What it means to raise babies naturally

Humans are animals too, though we often oppose animals to ourselves as different from us.  Since humans are animals, that means we are a part of nature.  Nature must have something to tell us about how to live our lives.

But, haven't we pushed humans beyond nature with our scientific knowledge?

We use science to improve upon nature, right?

Health is the one area of our lives that can be improved the most through science, but it can also be harmed the most through well-intentioned, yet misguided, "technological advances".

I'm not a person that eschews technology or preaches that we should all move back to the woods.  I grew up using computers, playing video games, and watching TV just like most people born in the 80s.  I own a cell phone, drive a car, and obviously use the Internet.  But I am cautious about trusting health-related technology because so much of it runs counter to human biology.

When it comes to having babies and nurturing babies after birth, science seems to have done some serious damage to a natural system that works much better than the artificial one we created for the modern world.

Raising babies naturally means that as a parent I want to embrace the natural system, which includes: drug-free child birth, breastfeeding, and "attachment-style" parenting.

In this blog, I want to share my experience attempting to return to the natural way of having and raising children.  Mostly, I want to share my experience breastfeeding.

Bottle-feeding with formula (or the milk of other animals) is a technological advancement that has harmed the natural system of feeding babies.  It is so easy to give up breastfeeding when it is not going smoothly in favor of this seemingly better, more socially-acceptable, way of feeding your baby.  The problem is that the prevalence of formula feeding is what makes breastfeeding so hard.

Women don't know how to breastfeed because no one around them breastfeeds.

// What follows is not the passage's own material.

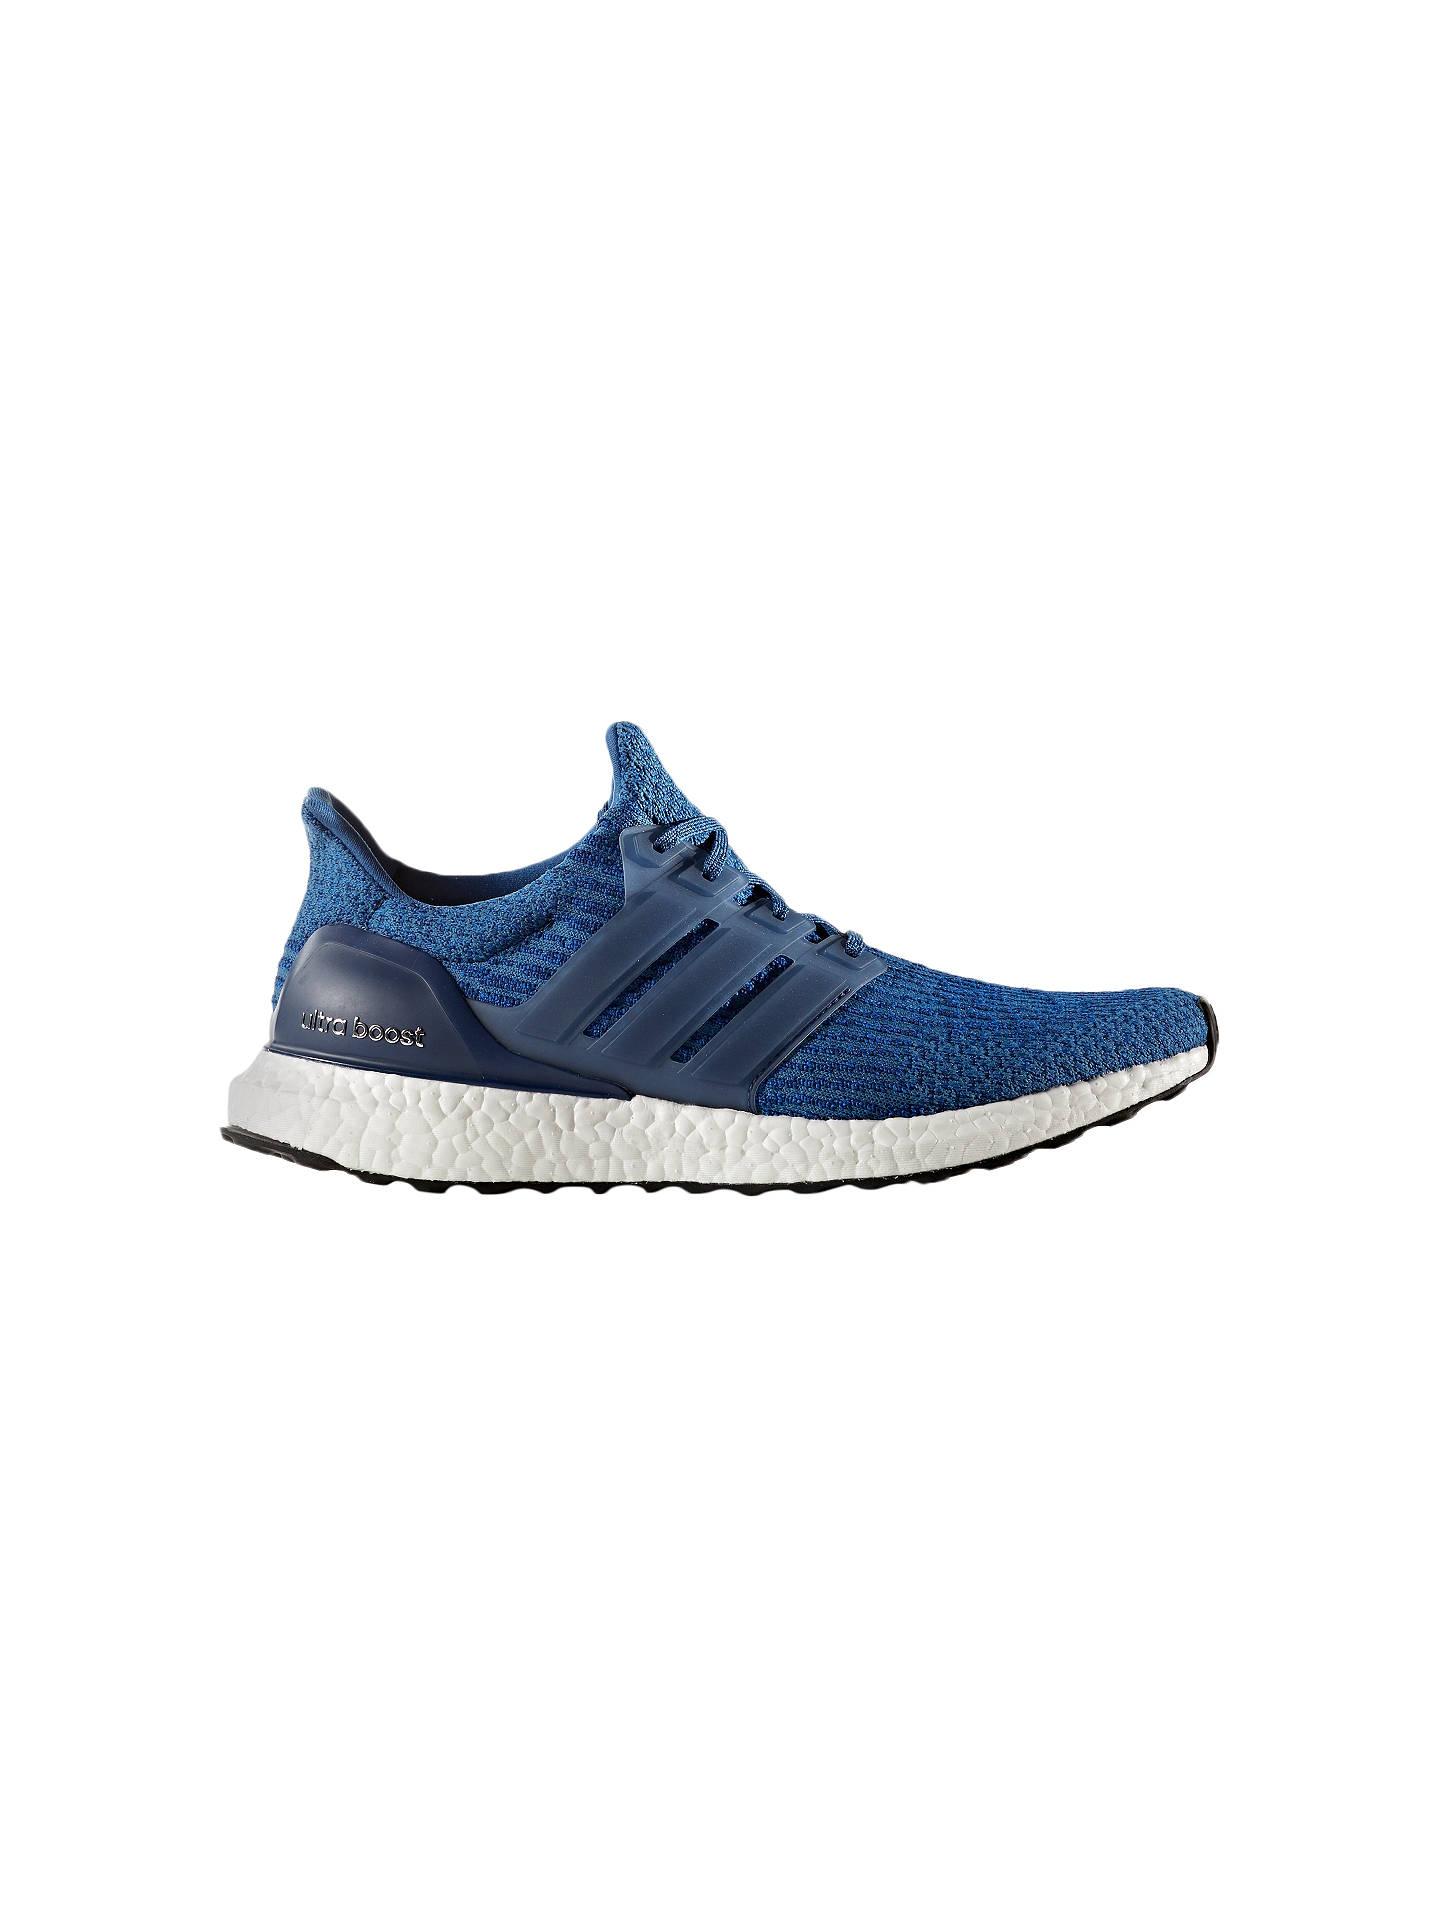 bb3d17187 Buy adidas Ultra Boost Men s Running Shoes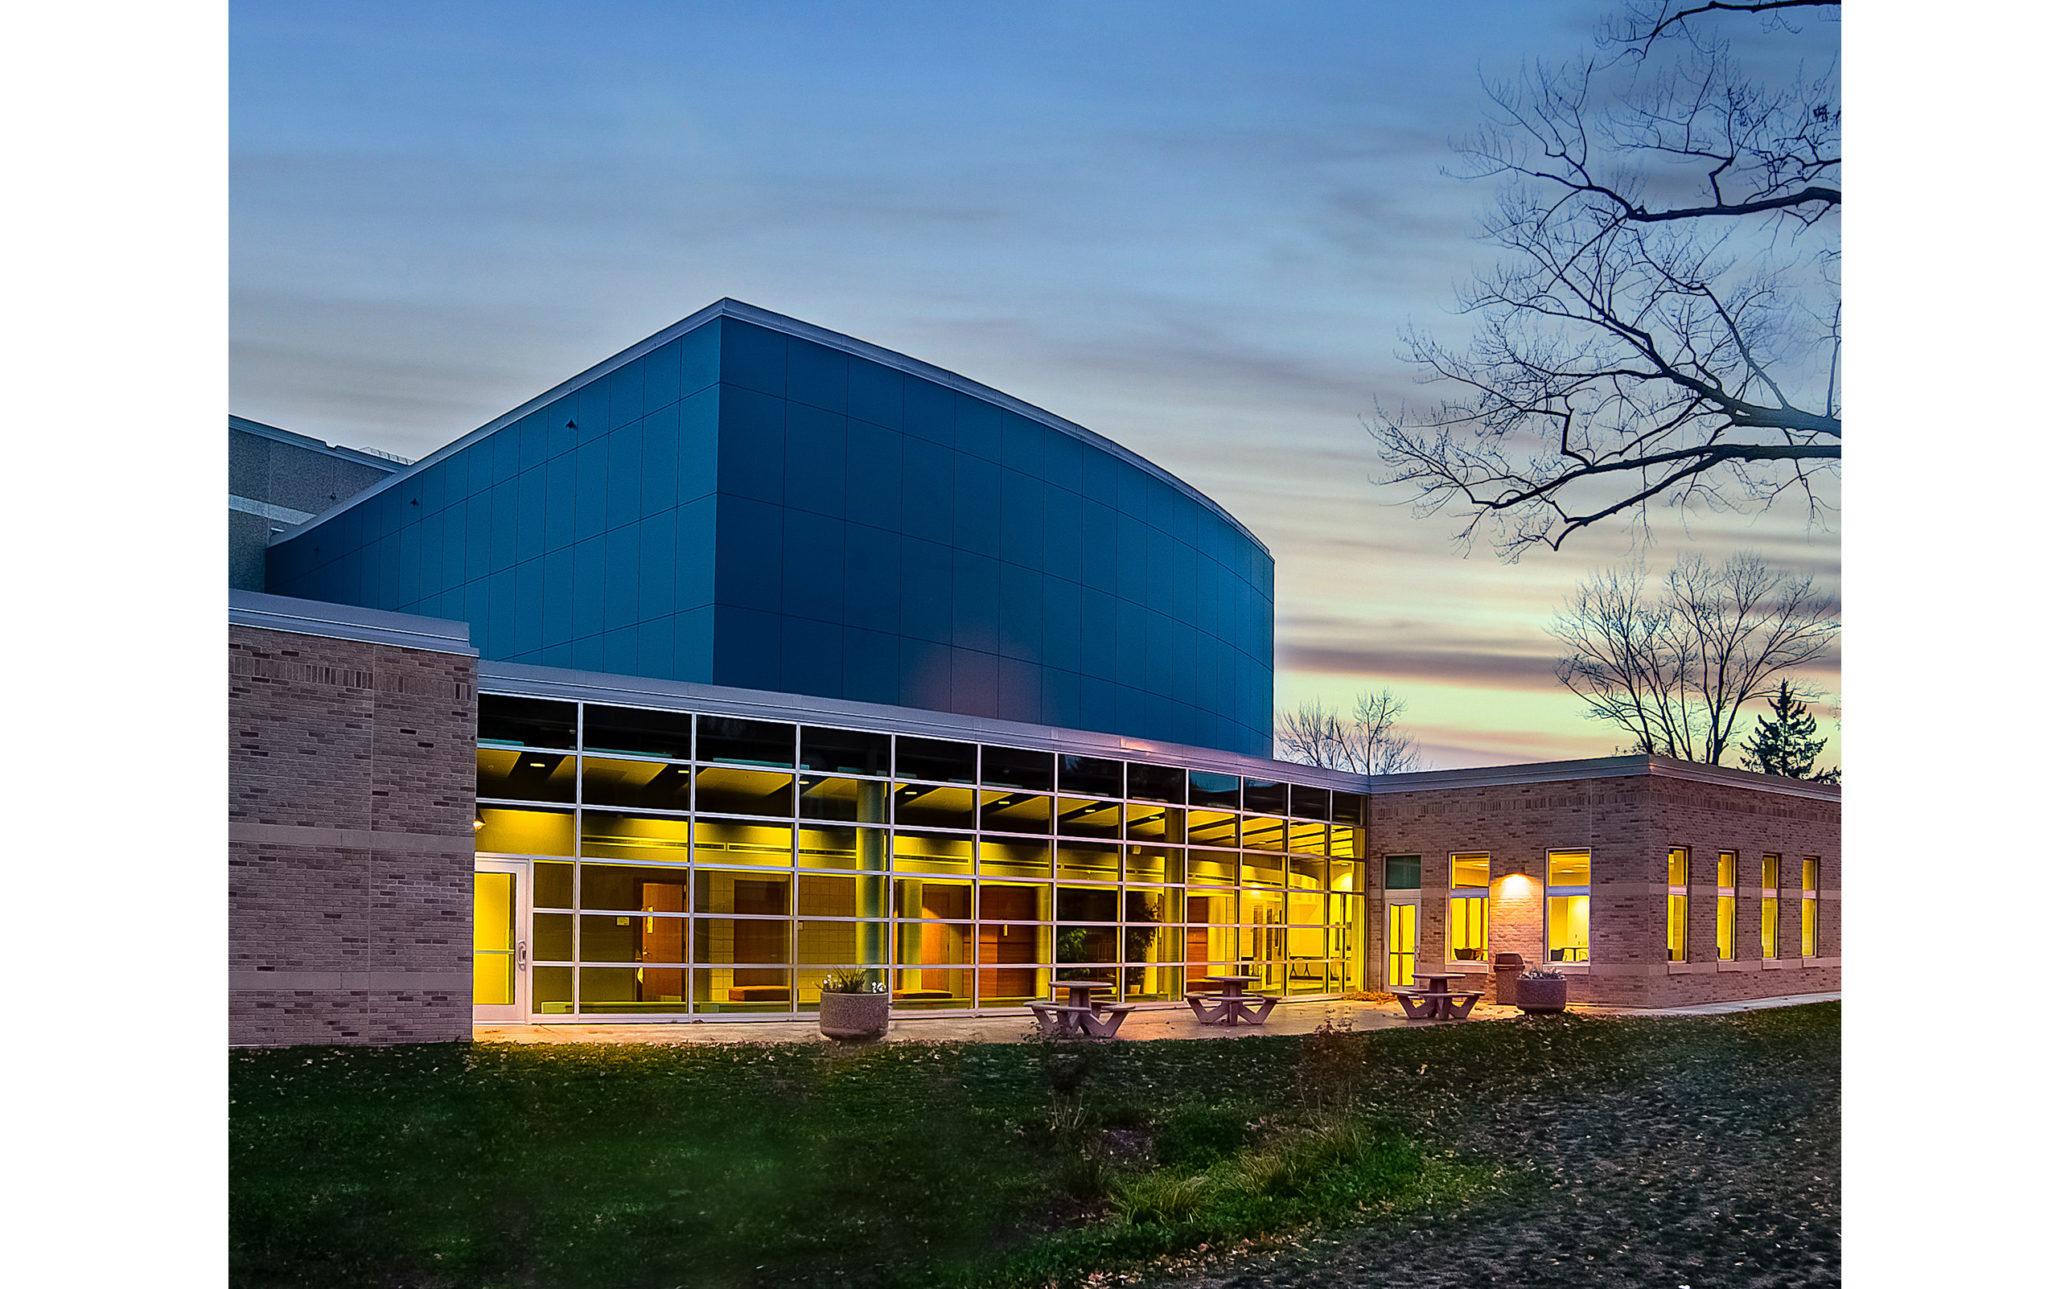 UWMC Center for Civic Engagement

Apparently, "only about 25 percent of all mothers in North America even started out breastfeeding" in the 1970s and "most of them had stopped within a few weeks," according to Dr Jack Newman in his introduction to the awesome book Breastfeeding Made Simple by Nancy Mohrbacher, IBCLC and Kathleen Kendall-Tackett, PhD and IBCLC.

I keep running into people who tell me they quit beastfeeding or never breastfed their babies because of some issue: perhaps the baby would not latch on correctly (can be fixed) or the mother thinks that she was not producing enough milk (can be prevented, but probably was not true anyway).

I want to gather resources here for mothers (and fathers) so that more babies are breastfed longer.  Breastfed babies are healthier babies, but they are also healthier adults later in life.